Steinmeyer, Franz Ludwig - Die Himmelfahrt Jesu.

Steinmeyer, Franz Ludwig - Die Himmelfahrt Jesu.

Da Jesus Solches gesagt hatte, ward er aufgehoben zusehends, und eine Wolke nahm ihn auf vor ihren Augen hinweg.

- so beschließt der Evangelist Lukas die Erzählung von den Geschichten, welche nach dem Ratschlusse Gottes in Erfüllung gegangen seien, wie er sie genau von den Augenzeugen und den ersten Dienern des Worts erkundet, und sie danach zu dem Zwecke aufgezeichnet habe, damit die verkündigte Lehre des gewissen Grundes nicht ermangeln möge. Die Lehre von einem solchen Ausgange des Sohnes Gottes geht durch alle unsere heiligen Schriften hindurch. Wie sie eng mit dem innersten Wesen unseres Glaubens verflochten ist, wie sie nicht minder tief in die letzten Gründe des christlichen Lebens und Wandels hineinragt, so bricht sie wiederholt in der Predigt der auserwählten Rüstzeuge Gottes mit unverkennbarer Betonung hervor. Wir erwarten es, dass jene Zuversicht, mit welcher die Jünger Jesu die letzten Worte ihres Meisters aufnahmen, „ich bin vom Vater ausgegangen und gekommen in die Welt, wiederum verlasse ich die Welt und gehe zum Vater“, „siehe, nun redest du frei heraus“, dass sie in erhöhter und verklärter Weise auf dem fröhlich aufgetanen Munde der Apostel ruhen werde; und so hören wir denn auch den Petrus in seinem ersten Zeugnis vor den Männern von Israel mit neuen Zungen rühmen: David ist nicht gen Himmel gefahren, aber er spricht, der Herr hat gesagt zu meinem Herrn, setze dich zu meiner Rechten. Wir erwarten es, dass sich die Unmittelbarkeit, in welcher Paulus den gen Himmel Aufgestiegenen erfahren hat, in seiner Predigt ihren angemessenen Ausdruck schaffen werde; und wir kennen den mächtigen Schlusston seines Liedes in höherem Chor: kündlich groß ist das gottselige Geheimnis, Gott ist geoffenbart im Fleisch, aufgenommen in die Herrlichkeit! Und so musste es denn auch geschehen, dass die Summa der apostolischen Lehre in dem Bekenntnis der ganzen Christenheit auf Erden es als einen wesentlichen Glaubenssatz mit aufgestellt: „aufgefahren gen Himmel, sitzt zur Rechten Gottes, des allmächtigen Vaters, von dannen er kommen wird, zu richten die Lebendigen und die Toten.“ Aber die eigentliche Erzählung des geschichtlichen Hergangs dieser Gottestat findet sich in unserem dritten Evangelium allein, und auf dessen Bericht sehen wir uns daher für die gegenwärtige Darstellung beschränkt.

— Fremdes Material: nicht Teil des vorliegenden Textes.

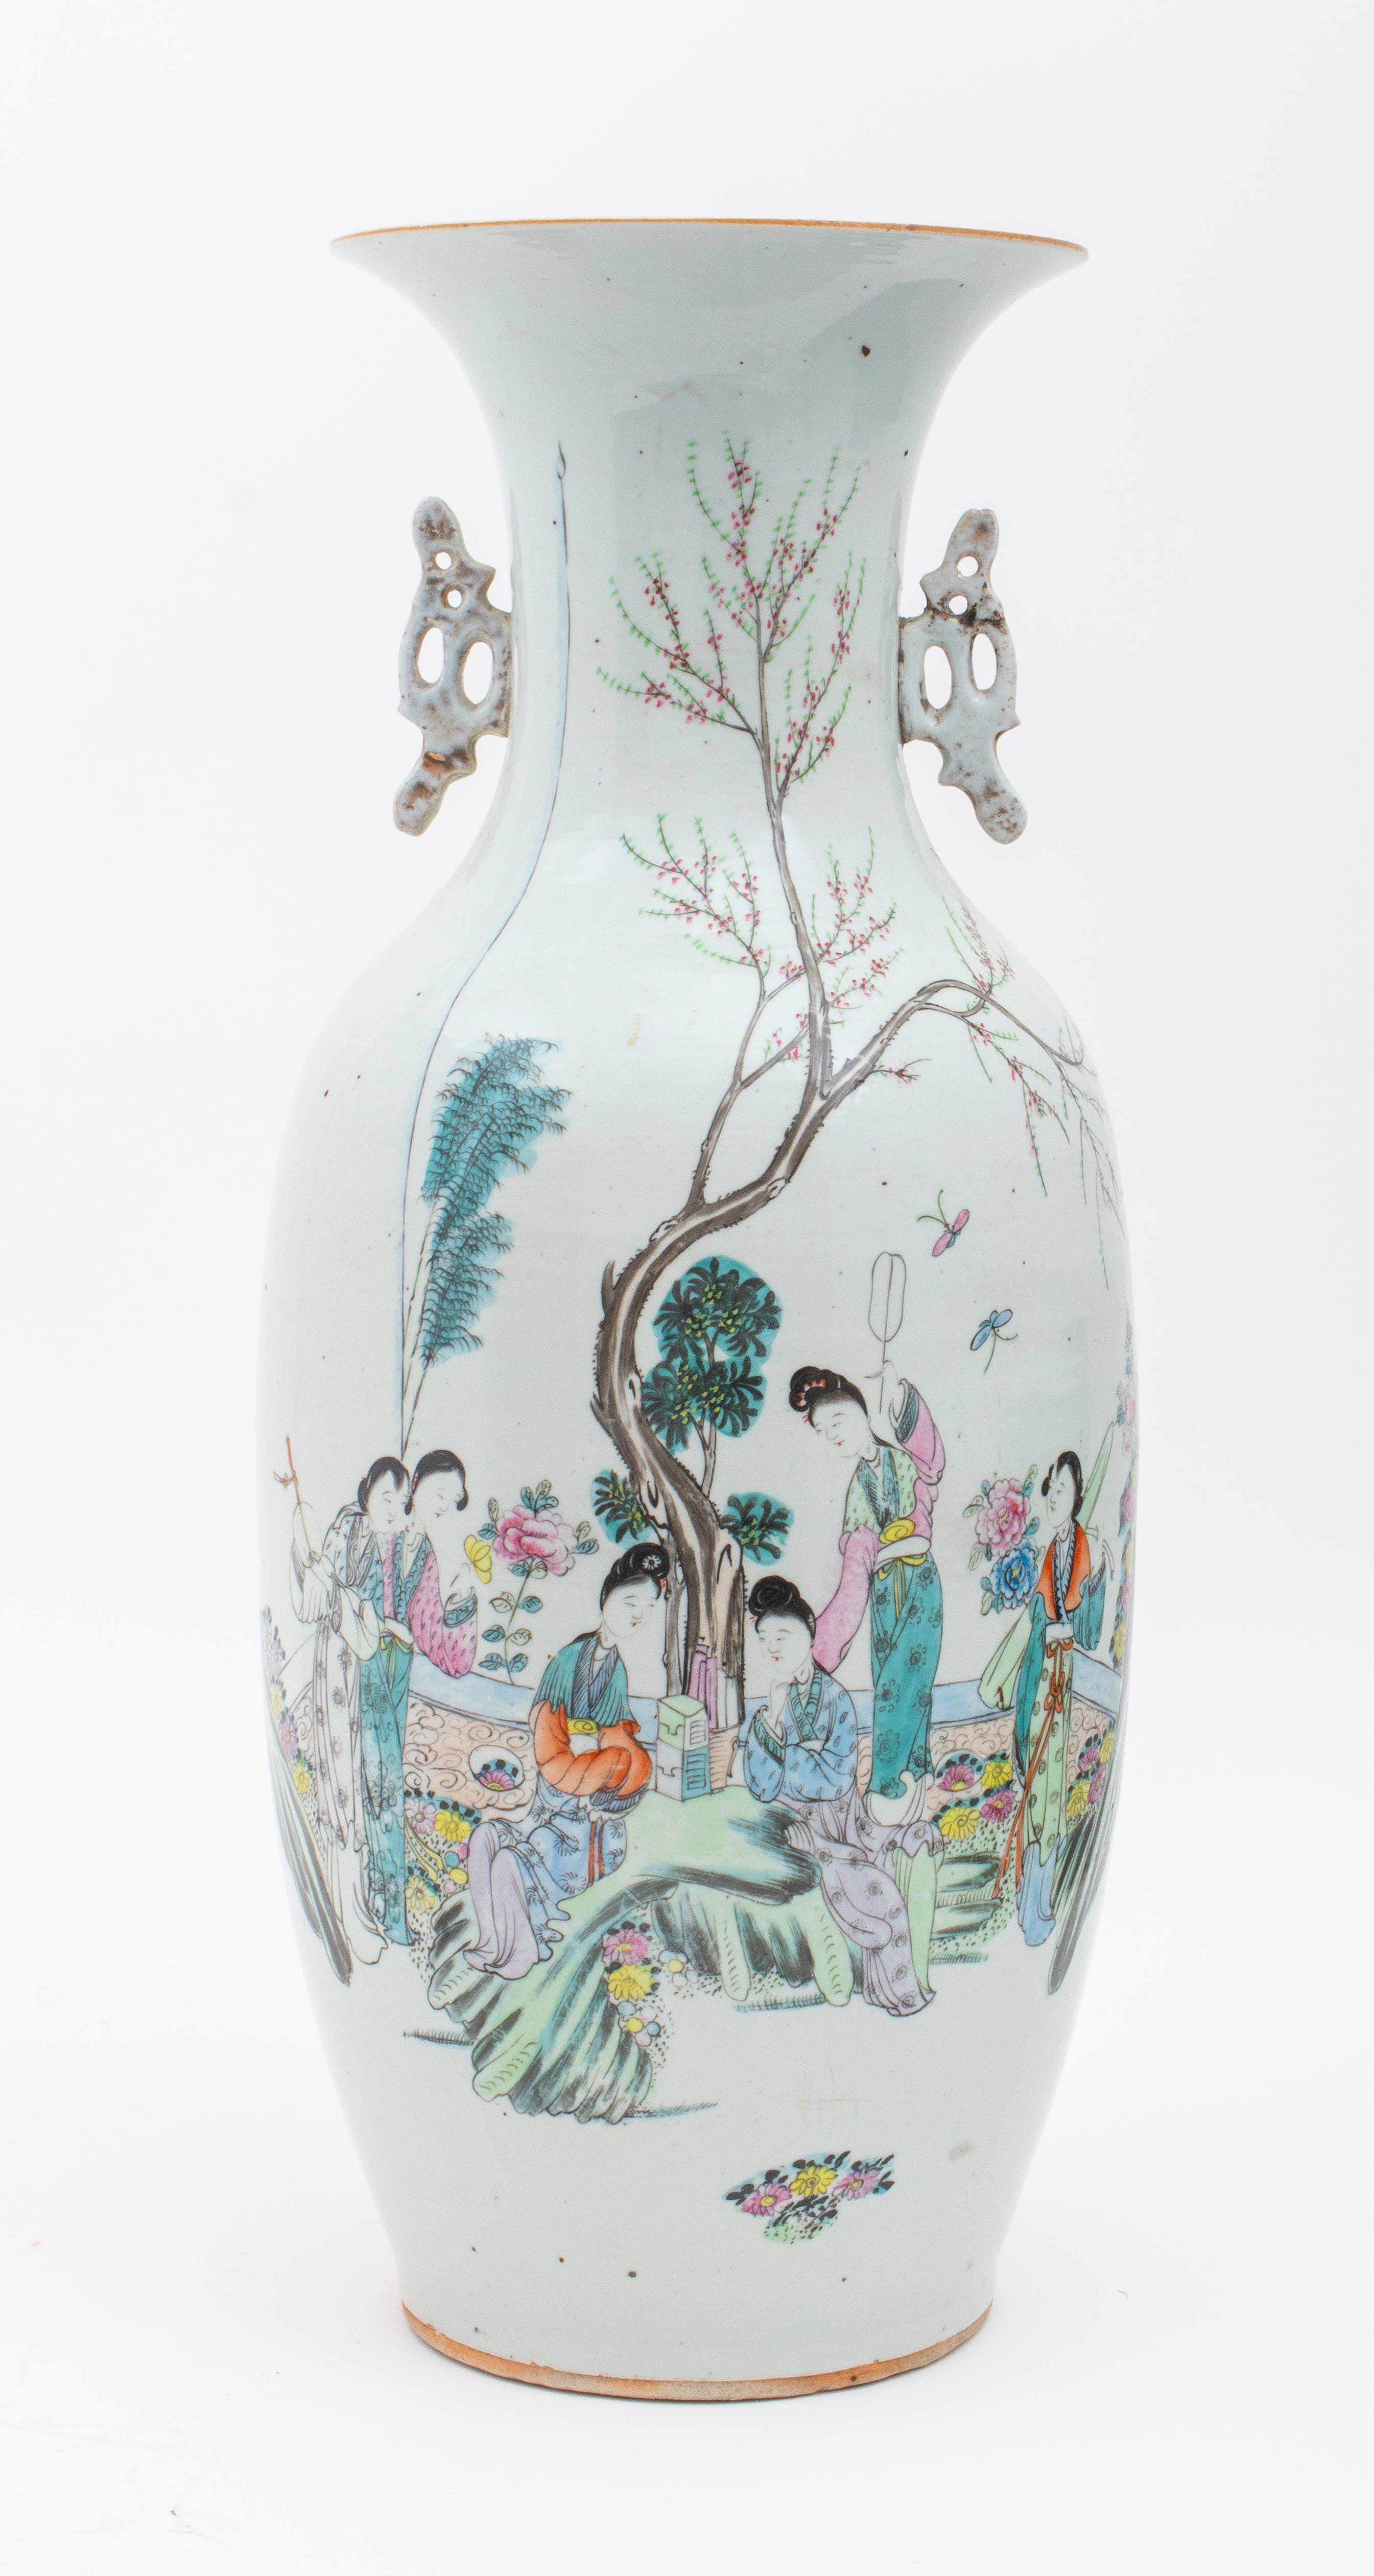 Vase balustre en porcelaine chinoise de la famille rose, représentant un groupe de dames de la cour sous un cerisier en fleurs, avec des caractères chinois au verso, non marqué. Dimensions : 22,75

Wie erscheint die Himmelfahrt des Herrn in seinem Licht? Zunächst als ein Abschied; sodann als eine Auffahrt; zuletzt als ein Heimgang.

„Gott fährt auf unter Jauchzen, der Herr unter heller Posaune; lobsingt Gott, lobsingt unsrem Könige, denn er ist König der ganzen Erde und herrscht über die Heiden sitzend auf seinem heiligen Throne“; in diesen Lauten geht ein Psalm der Söhne Korahs. Räumen wir es ein, dass die Kirche dies Lied mit Recht als ein Vorspiel der Himmelfahrt Jesu Christi betrachte: so lassen seine Töne es schon ahnen, welch einen Abschied der Herr auf der Höhe des Ölberges genommen habe. Wenn Jubel und Lobgesang denselben begleiten, und wenn wir in der Tat von den auserwählten Zeugen lesen, „sie aber beteten ihn an und waren allewege im Tempel, priesen und lobten Gott“: so zerrinnen alle die trüben Vorstellungen von selbst, auf welche sonst der Klang des Ausdrucks führen mag; und kein Trauerbild, es sei auf Seiten des Scheidenden, oder es sei bei dem Hinblick auf die Bleibenden, darf sich vor unseren Augen gestalten. Nicht von dem Leben scheidet der Herr in dieser Stunde. Den Kelch hatte er geleert, als er hinweggerissen aus dem Lande der Lebendigen zu einem Mal den Tod von Gottes Gnade für Alle schmeckte. Aber nachdem er nun sein Leben wiedergenommen und sich lebendig erzeigt durch mancherlei Erweisungen, stirbt er hinfort nicht mehr, der Tod mag über ihn nicht herrschen, und Niemand kann seines Lebens Länge ausreden.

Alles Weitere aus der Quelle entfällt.